According to Elizabeth Bernstein of the Wall Street Journal, there are 6 risk categories that you could fall into to make you more capable of committing infidelity.
Note: Unfaithful individuals typically fall into more than one category.
Just being a male makes you more likely to cheat (even though the gender gap has gotten much smaller.
Dr. Kelly Campbell, psychologist and associate professor of psychology and human development at California State University, says that “testosterone is a risk factor.” It’s just more common in men because of their genetic make up.
Bernstein cites a recent study that worked with Ashley Madison to determine that people may be more likely to engage in infidelity in the year before a milestone birthday. For example, men that were 29, 39, 49, or 59 years of age were looking for extramarital affairs. This group was dubbed “9-enders.”
However, not only “9-enders” are at heightened risk of cheating on their significant others.
According to Dr. Campbell, “People in middle age are at lower risk because they have less time and spare energy. Between about age 35 and age 50, people tend to be focused on careers and child-rearing. You have a greater chance of cheating when you’re younger or older.”

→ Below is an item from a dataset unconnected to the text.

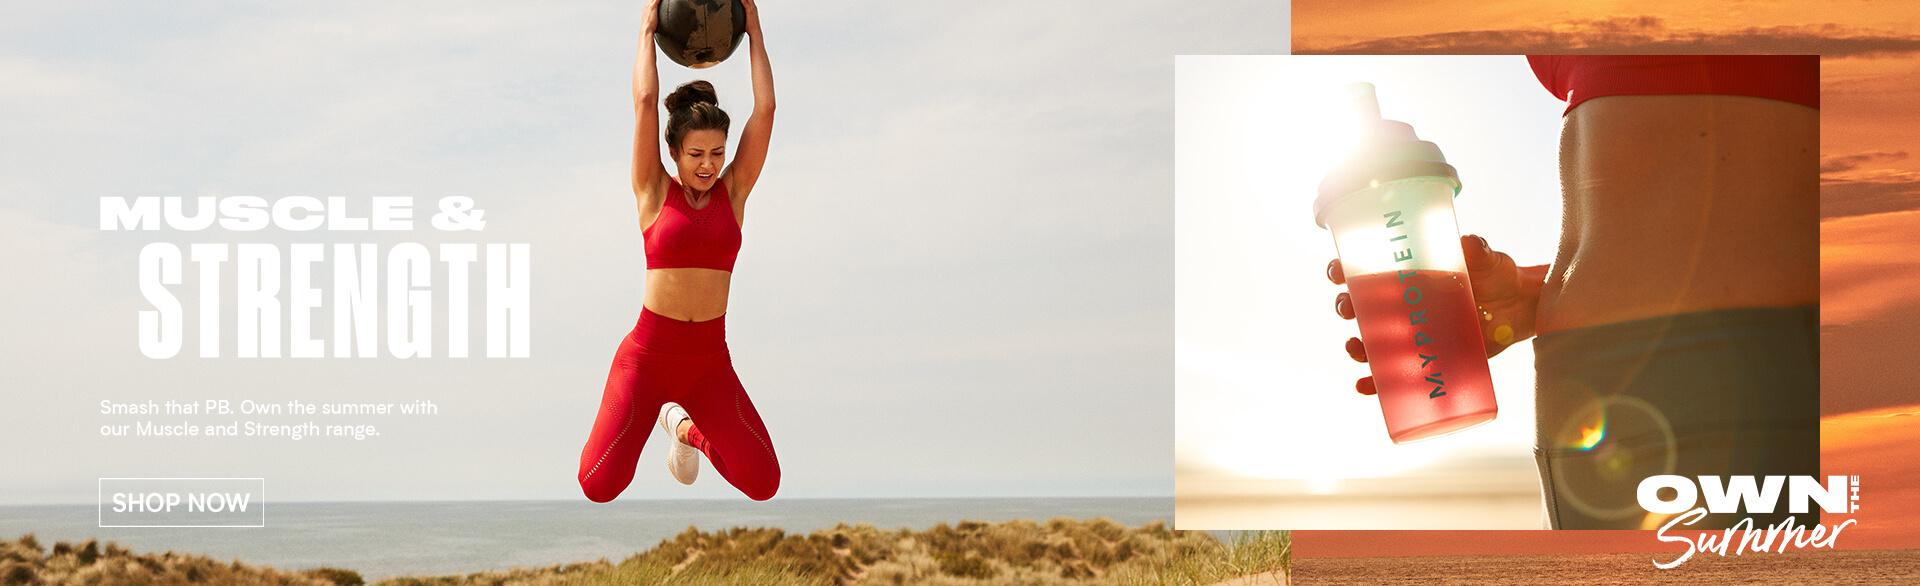 Myprotein Summer goals- muscle & strength banner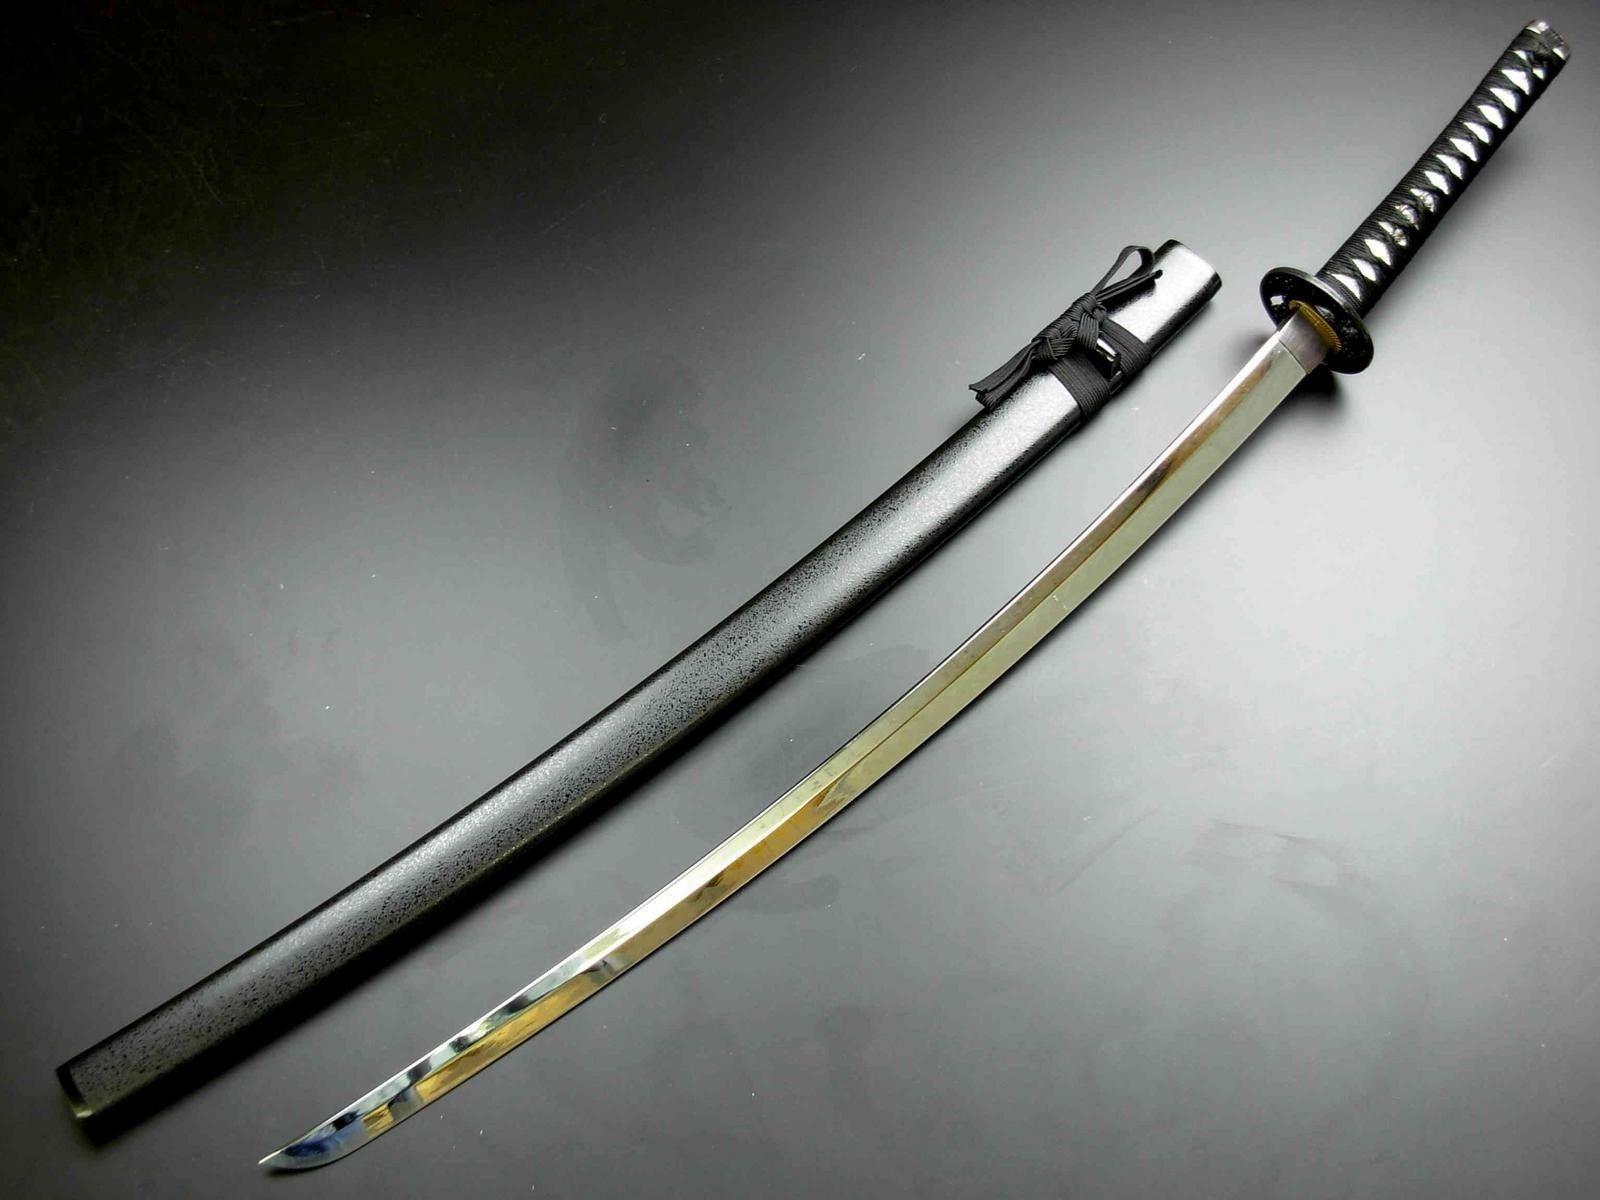 Samurai Sword Wallpaper Samurai Swords Sword Katana

The amount of opportunity, or the environment you put yourself in, could make you more likely to cheat. Are you around other attractive people that would make suitable, alternative partners, living in a city, work long hours and closely with others, and travel frequently? All of these factors could put you at risk for an affair.
Experts say that the popular phrase, “Once a cheater, always a cheater” is not always necessarily true. We must take into consideration the reasons why someone cheated in the first place. According to Dr. Campbell, “If the reasons for cheating are more about the individual than the relationship, the person is at risk for cheating again. If the relationship was more to blame, the risk of repeating isn’t as great.”
5. Relationship Dissatisfaction
If you are dissatisfied in your relationship, this is a major risk factor for cheating.
Bernstein says, “Infidelity and relationship dissatisfaction work both ways: You may cheat because you are unhappy in the relationship, but cheating will make you unhappier.”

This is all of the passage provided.